Thanks for doing this @plevold. IMO your “debug-utils” would be a very valuable contribution to stdlib (maybe in stdlib_error to complement the already useful subroutine check),

2 Likes

Thanks, @epagone. That is certainly an interesting idea. I think I will keep the separate repo for a bit as I have some ideas I’d like to test which might not be very “stable” on the first go… You are more than welcome to copy the code into stdlib in the meantime if you wish though.

Also, I do wonder if this actually fits well into a separate library. Paranoid users can then comment out that particular dependency in their fpm.toml file once done with debugging. If they’ve accidentally forgot to remove some debug code this will be caught at compile time.

Many thanks for making your code available for integration into stdlib. Unfortunately, I vaguely recall a few instances where there has been already significant discussion in places on “debug” and “release”-mode features of stdlib, so your (legitimate) doubt applies to other parts of the library and it has been identified. This issue and the integration with related features already implemented (e.g. the procedure check) make it difficult to simply copy and “drop-in” the code into stdlib.

I understand that you might prefer to experiment in a separate repository (actually I think it’s a good idea) but I was suggesting that, if you want, you might adapt your routines to work with stdlib as they mature more.

You should be aware that compiler makes a plethora of nasty things with your code, especially when high optimization levels are requested – doing such things is actually the principal way of code optimization.

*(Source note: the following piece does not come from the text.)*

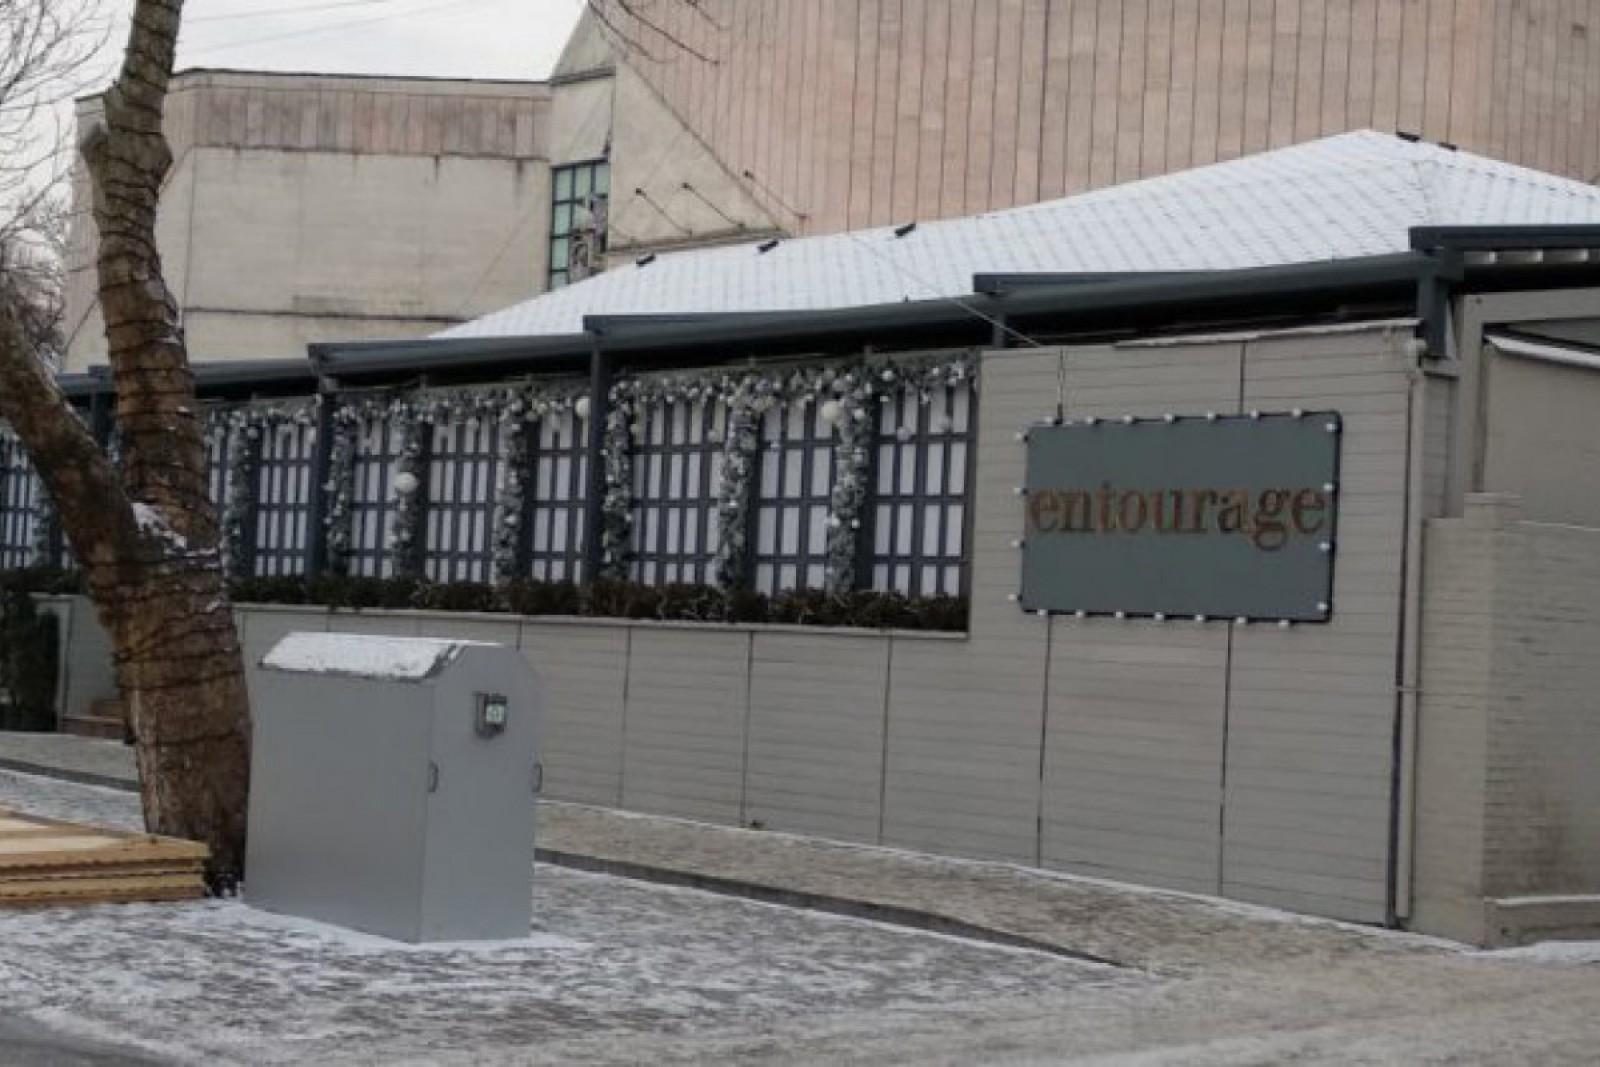 Vlad Plahotniuc și-a deschis un nou restaurant în centrul capitalei: Entourage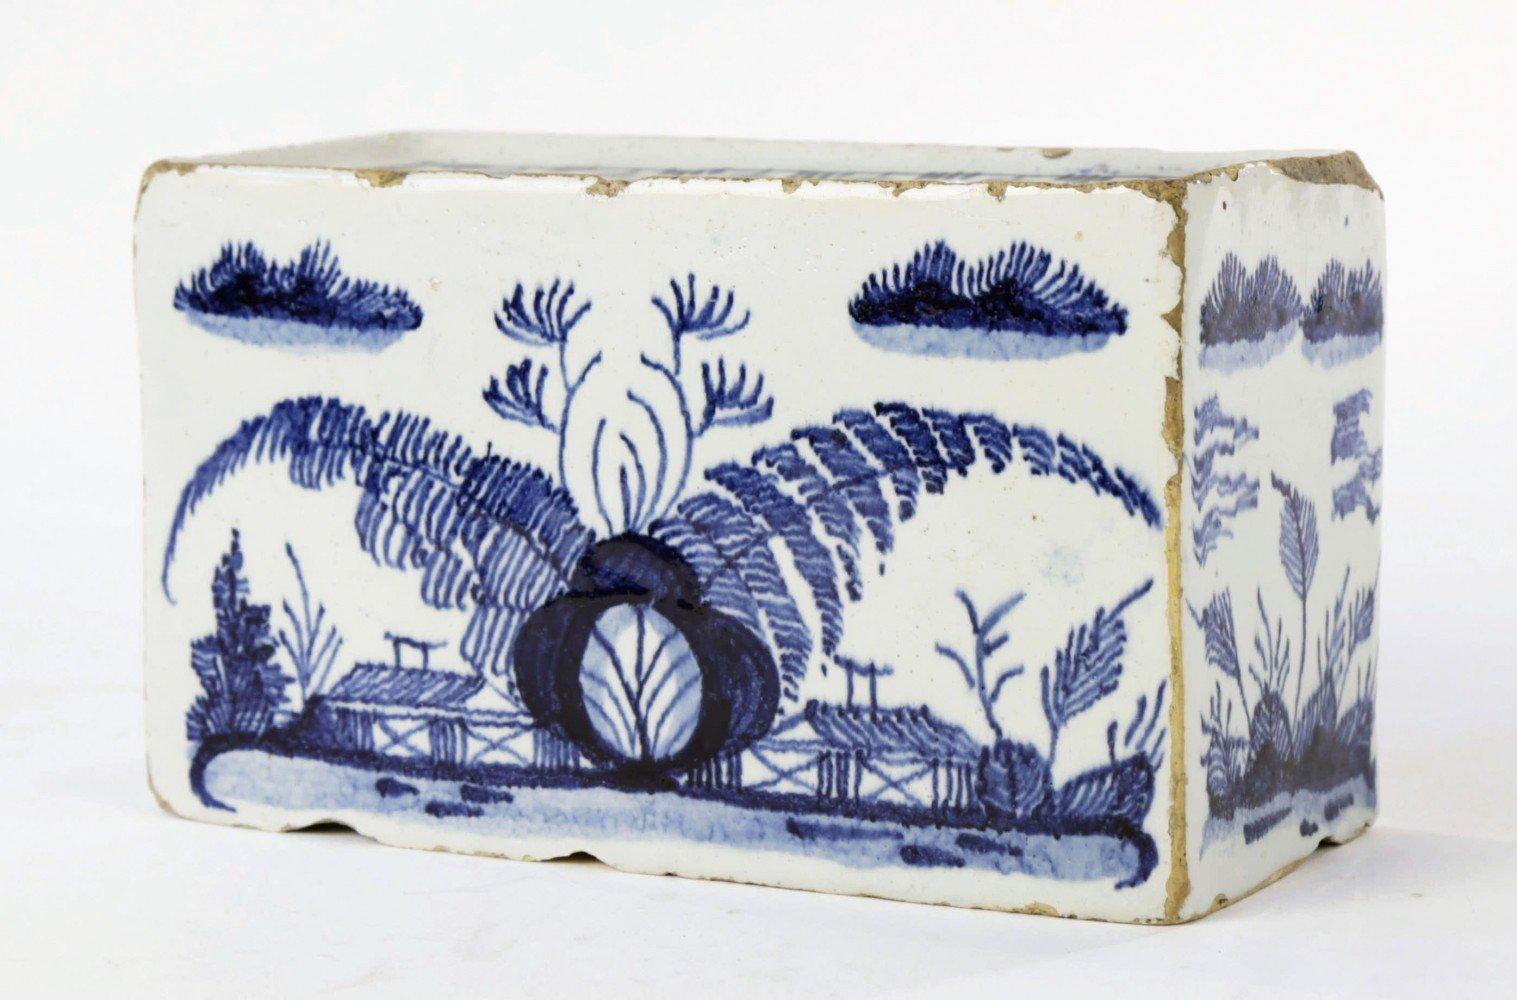 Delft Blue and White Glazed Flower Brick by 18thc. Dutch School

“Pure” keyword by itself does not amend what the procedure is actually doing – just omit “pure” and you will get the same behavior. As Fortran has never been a language for computer science theoreticians (no need to introduce functional purity for the sake of the functional purity itself), the primary intent of this language feature is to help the optimizing compiler to optimize better by explicitly allowing a number of nasty tricks to be applied – enjoying the explicit assertion that the procedure depends only its the arguments and changes nothing in the world except the “returning values” (be it the value returned by function or dedicated parameter(s) of the subroutine), which, in turn, allows to invoke it in arbitrary order instead of following the order suggested by the author of the program.

1 Like

Sure, optimization will do a lot of “nasty” things to the code, but at least Intel will as far as I can see not introduce multithreading unless explicitly asked to do so with the -parallel flag. This is good because for many scenarios, parallelization by running multiple processes might be more relevant.

You can’t rely on this. Actually, you can’t rely on:

  1. the assumption that you or somebody else will always compile your code with the specific compiler;
  2. the assumption that you or somebody else will never use your subprogram in various parallelization schemes, including the most weird ones.

Again, pure subprograms are introduced for the possibility to use them safely in parallelizations and control flow rearrangements, avoiding (by design) various issues like race conditions, “heisenbugs” and other creepy stuff you never want to deal with.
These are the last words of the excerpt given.